WHAT YOU ARE ASKED TO DO | An exact copy of the lines of the listing below between the "Man Ray, Tristan Tzara, 1934" line and the "Free Download Cristiano" line, both included, is the whole answer; please omit the pictures.

=== INFORMATION SHOWN ===

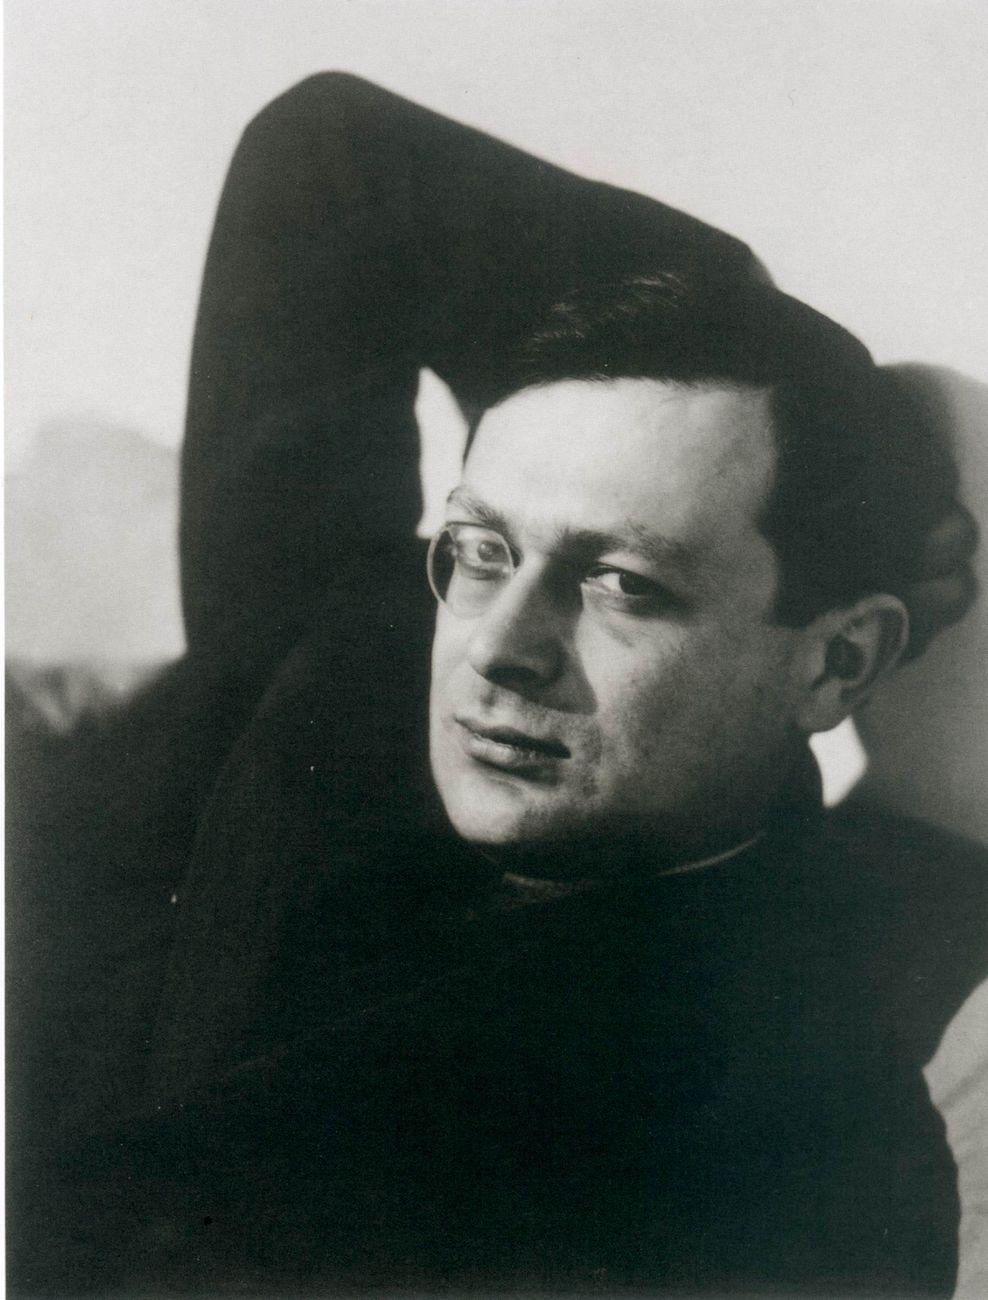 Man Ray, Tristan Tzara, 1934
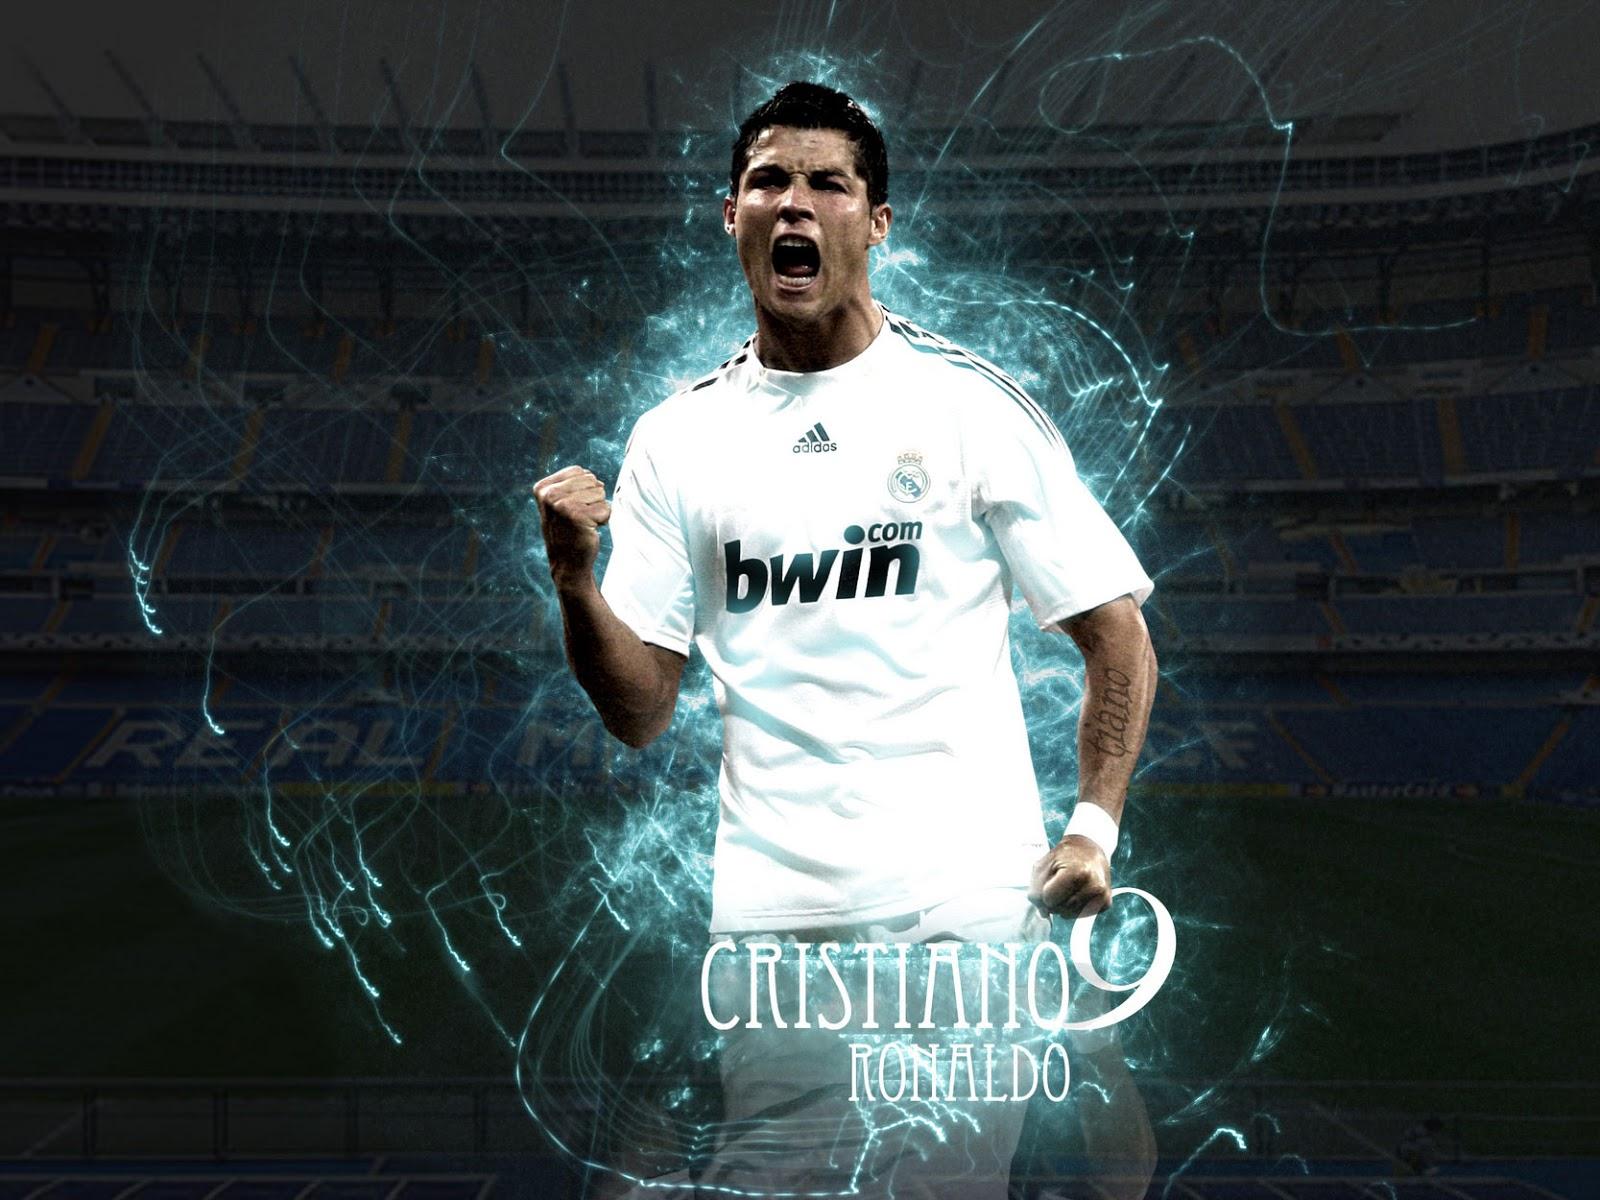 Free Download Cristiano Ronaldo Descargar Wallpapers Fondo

===
=== INFORMATION SHOWN ===

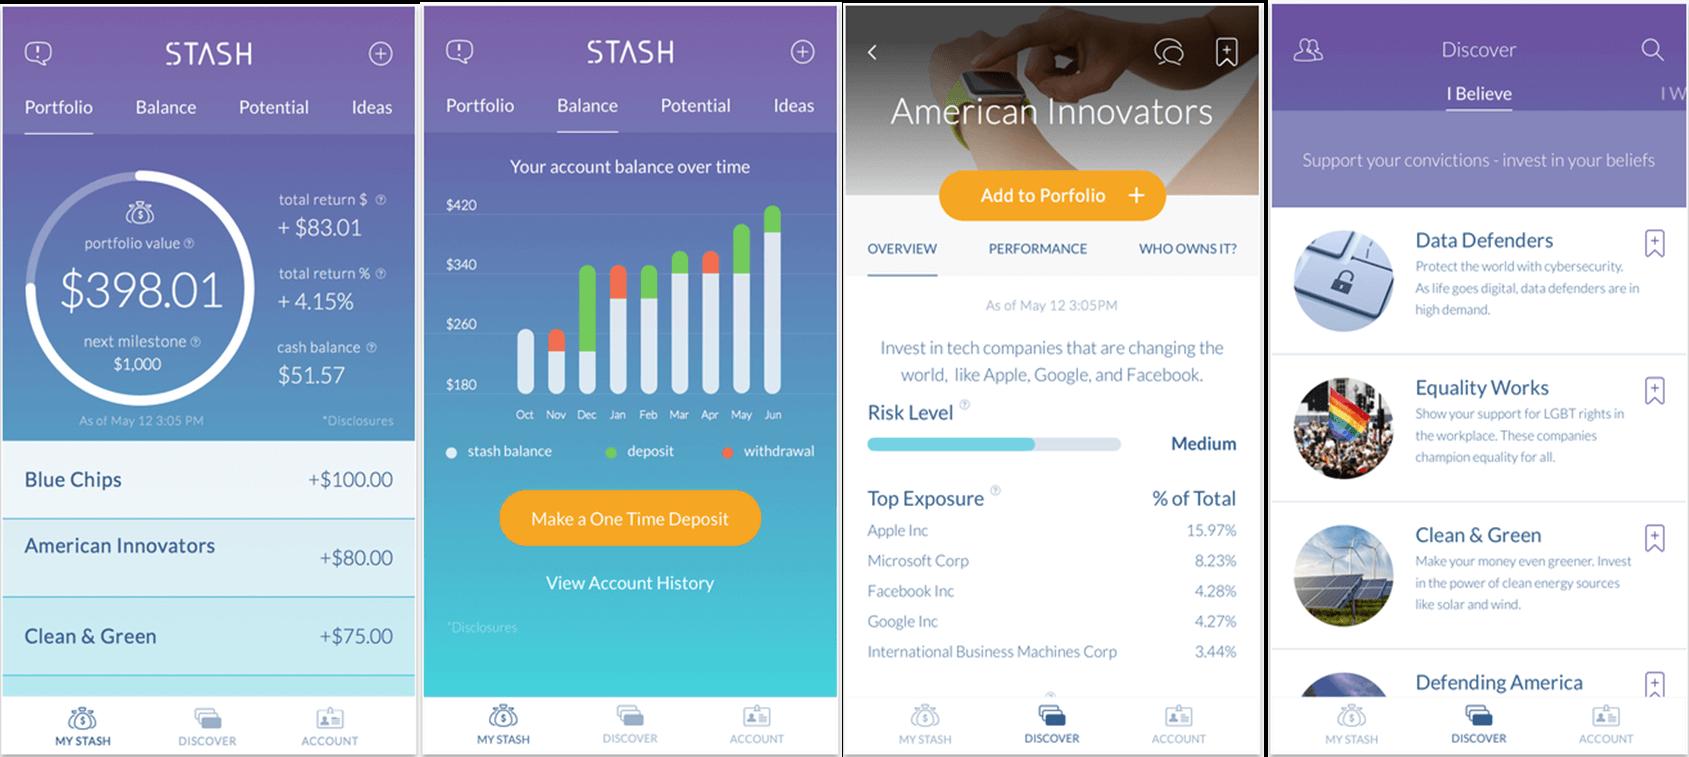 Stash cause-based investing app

===

OUTPUT FOR THIS TASK |
 Man Ray, Tristan Tzara, 1934
 Free Download Cristiano Ronaldo Descargar Wallpapers Fondo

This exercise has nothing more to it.